In July 1956 Forough left Iran for the first time on a nine-months trip to Europe. In this year her second volume of verse, containing twenty-five short lyrics, called Divar (The Wall), was published, dedicated to her former husband.
In 1958 Forough’s third collection Esian (Rebellion), appeared and securely established her as promising yet notorious poet. Forough’s relationship with the controversial writer and cinematographer Ebrahim Golestan began and remained important in the poet’s personal life until her death.
as film maker
In 1962 she made a documentary movie about a leper’s colony, titled “The House Is Black”. The movie was acclaimed internationally and won several prizes.
In 1963 UNESCO produced a thirty minutes movie about Forough. Also Bernardo Bertolucci came to Iran to Interview her and decided to produce a fifteen minutes movie about the poet’s life.

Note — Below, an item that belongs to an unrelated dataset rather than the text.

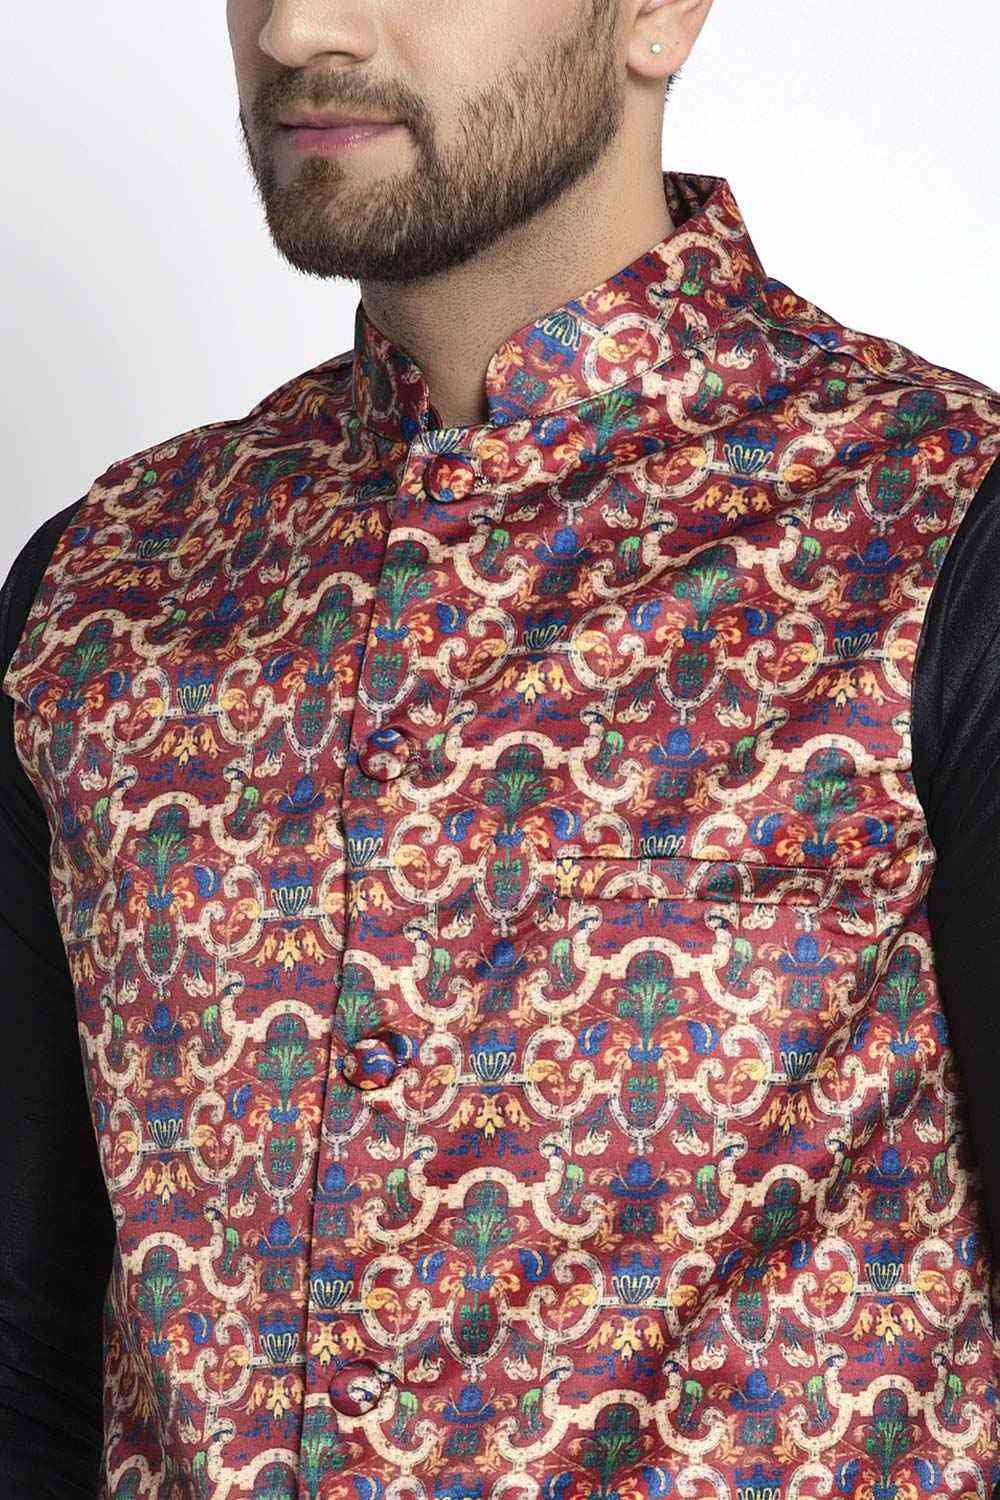 Buy Men's Black Silk Blend Micro Printed Men's Kurta Pajama Jacket Set Online

In 1964 Forough’s fourth poetry collection, Tavallodi Digar (Another Birth), contained thirty-five poems which the poet had composed over a period of nearly six years was published.
In 1965 Forough’s fifth collection of verse called “Let Us Believe In The Beginning Of The Cold Season” is in print and was published after her death.
On Monday February 14, 1967 Forough visited her mother, who later recalled their conversation over lunch as the nicest that they ever had. From her mother’s home, on the way back, with Forough driving, at the intersection of Marvdasht and Loqumanoddowleh Streets in Darrus, her jeep station wagon swerved to avoid an oncoming vehicle and struck a wall. Thrown from her car, at the height of her creativity and barely thirty-two Forough Farrokhzad died of head injuries. She was buried beneath the falling snow in the Zahiro-Doleh in Tehran.
She clearly voices her feelings in the mid-1950s about conventional marriage, the plight of women in Iran, and her own situation as a wife and mother no longer able to live a conventional life in such poems as “The Captive“, “The Wedding Band“, “Call to Arms“, and “To My Sister“. As a divorcee poet in Tehran, Farrokhzad attracted much attention and considerable disapproval. She had several short lived relationships with men, and “The Sin” describes one of them.